Revision as of 19:57, 10 March 2014

What is Rally?

If you are here, you are probably familiar with OpenStack and you also know that it's a really huge ecosystem of cooperative services. When something fails, performs slowly or doesn't scale, it's really hard to answer different questions on "what", "why" and "where" has happened. Another reason why you could be here is that you would like to build an OpenStack CI/CD system that will allow you to improve SLA, performance and stability of OpenStack continuously.

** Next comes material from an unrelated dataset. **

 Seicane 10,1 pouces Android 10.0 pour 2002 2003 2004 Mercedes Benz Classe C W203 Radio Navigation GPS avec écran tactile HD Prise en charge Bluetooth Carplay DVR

The OpenStack QA team mostly works on CI/CD that ensures that new patches don't break some specific single node installation of OpenStack. On the other hand it's clear that such CI/CD is only an indication and does not cover all cases (e.g. if a cloud works well on a single node installation it doesn't mean that it will continue to do so on a 1k servers installation under high load as well). Rally aims to fix this and help us to answer the question "How does OpenStack work at scale?". To make it possible, we are going to automate and unify all steps that are required for benchmarking OpenStack at scale: multi-node OS deployment, verification, benchmarking & profiling.

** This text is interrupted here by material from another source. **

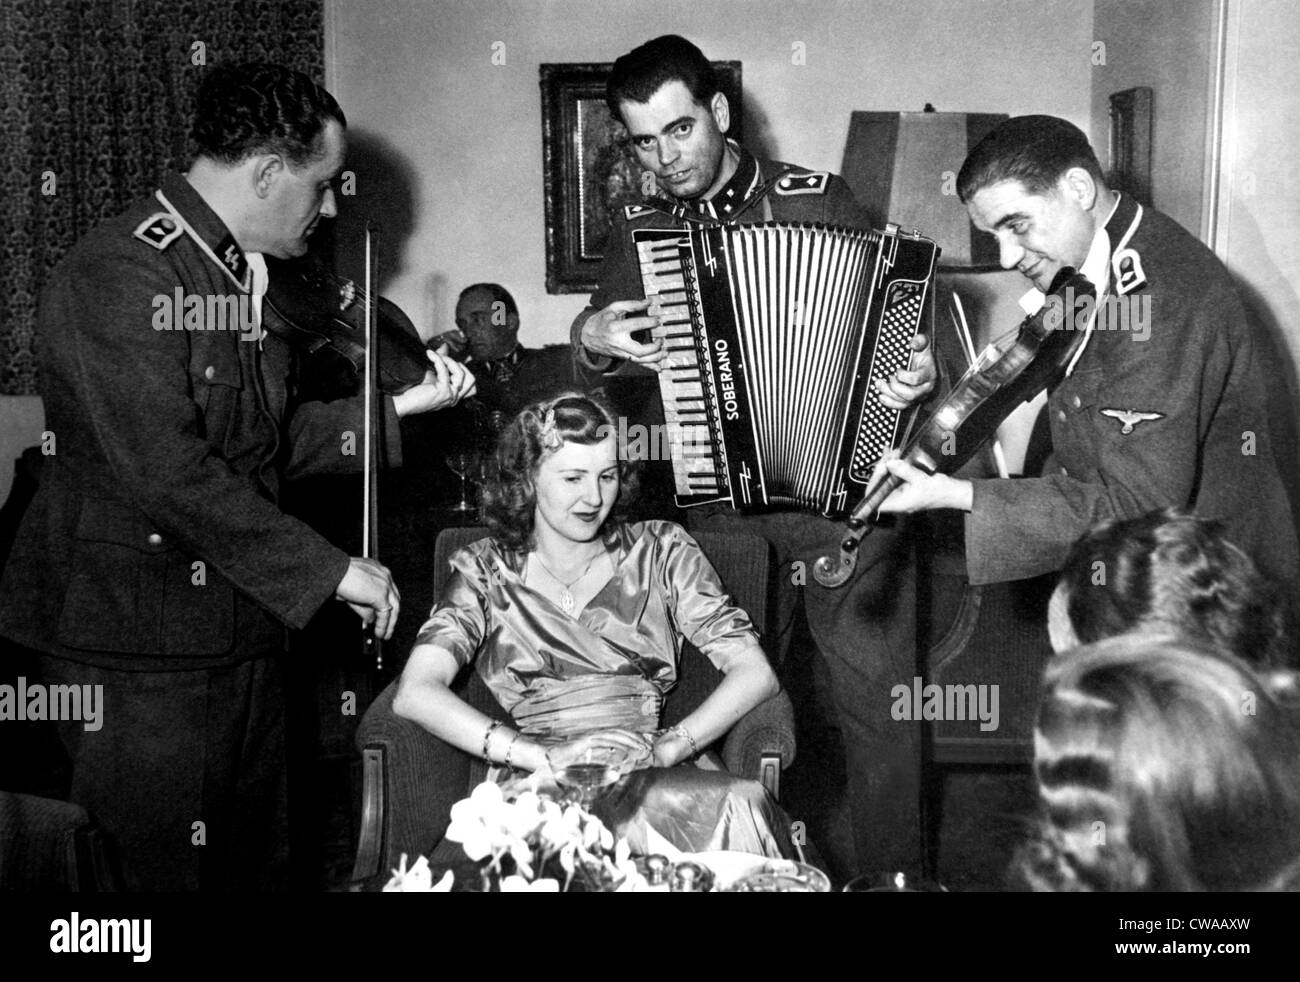 SS músicos interpretan a Eva Braun en la boda de su hermana. ca. 1945. Cortesía: CSU Archives/Everett Collection Foto de stock

Deploy engine is not yet another deployer of OpenStack, but just a pluggable mechanism that allows to unify & simplify work with different deployers like: DevStack, Fuel, Anvil on hardware/VMs that you have.
Verification - (work in progress) uses tempest to verify the functionality of a deployed OpenStack cloud. In future Rally will support other OS verifiers.
Benchmark engine - allows to create parameterized load on the cloud based on a big repository of benchmarks.

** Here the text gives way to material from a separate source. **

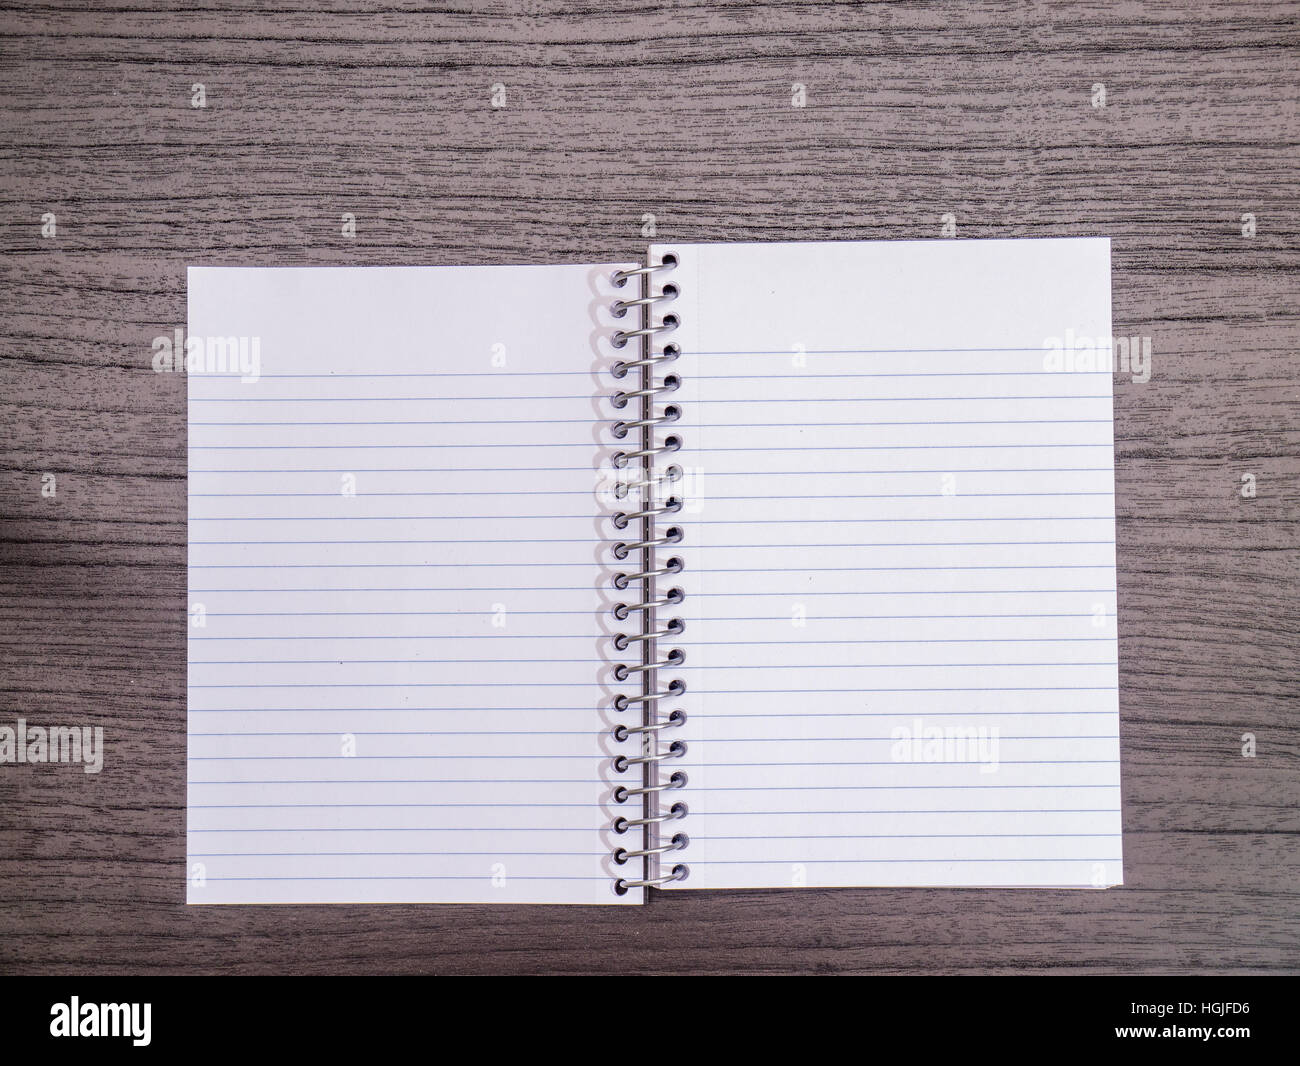 Scrivania di legno scuro, aprire il notebook a spirale Foto Stock

For more information about how it works take a look at Rally Architecture

Use Cases

Before diving deep in Rally architecture let's take a look at 3 major high level Rally Use Cases:

Typical cases where Rally aims to help are:

Automate measuring & profiling focused on how new code changes affect the OS performance;
Using Rally profiler to detect scaling & performance issues;
Investigate how different deployments affect the OS performance:
- Find the set of suitable OpenStack deployment architectures;
- Create deployment specifications for different loads (amount of controllers, swift nodes, etc.);
Automate the search for hardware best suited for particular OpenStack cloud;
Automate the production cloud specification generation:
- Determine terminal loads for basic cloud operations: VM start & stop, Block Device create/destroy & various OpenStack API methods;
- Check performance of basic cloud operations in case of different loads.

Architecture

Usually OpenStack projects are as-a-Service, so Rally provides this approach and a CLI driven approach that does not require a daemon:

Rally as-a-Service: Run rally as a set of daemons that present Web UI (work in progress) so 1 RaaS could be used by whole team.
Rally as-an-App: Rally as a just lightweight CLI app (without any daemons), that makes it simple to develop & much more portable.

How is this possible? Take a look at diagram below:

So what is behind Rally?

Rally Components

Rally consists of 4 main components:

Server Providers - provide servers (virtual servers), with ssh access, in one L3 network.
Deploy Engines - deploy OpenStack cloud on servers that are presented by Server Providers
Verification - component that runs tempest (or another pecific set of tests) against a deployed cloud, collects results & presents them in human readable form.
Benchmark engine - allows to write parameterized benchmark scenarios & run them against the cloud.

But why does Rally need these components?
It becomes really clear if we try to imagine: how I will benchmark cloud at Scale, if ...

Rally in action

How amqp_rpc_single_reply_queue affects performance

To show Rally's capabilities and potential we used NovaServers.boot_and_destroy scenario to see how amqp_rpc_single_reply_queue option affects VM bootup time. Some time ago it was shown that cloud performance can be boosted by setting it on so naturally we decided to check this result. To make this test we issued requests for booting up and deleting VMs for different number of concurrent users ranging from one to 30 with and without this option set. For each group of users a total number of 200 requests was issued. Averaged time per request is shown below:

So apparently this option affects cloud performance, but not in the way it was thought before.

How To

Actually there are only 3 steps that should be interesting for you:

Weekly updates

Each week we write up on a special weekly updates page what sort of things have been accomplished in Rally during the past week and what are our plans for the next one. Below you can find the most recent report.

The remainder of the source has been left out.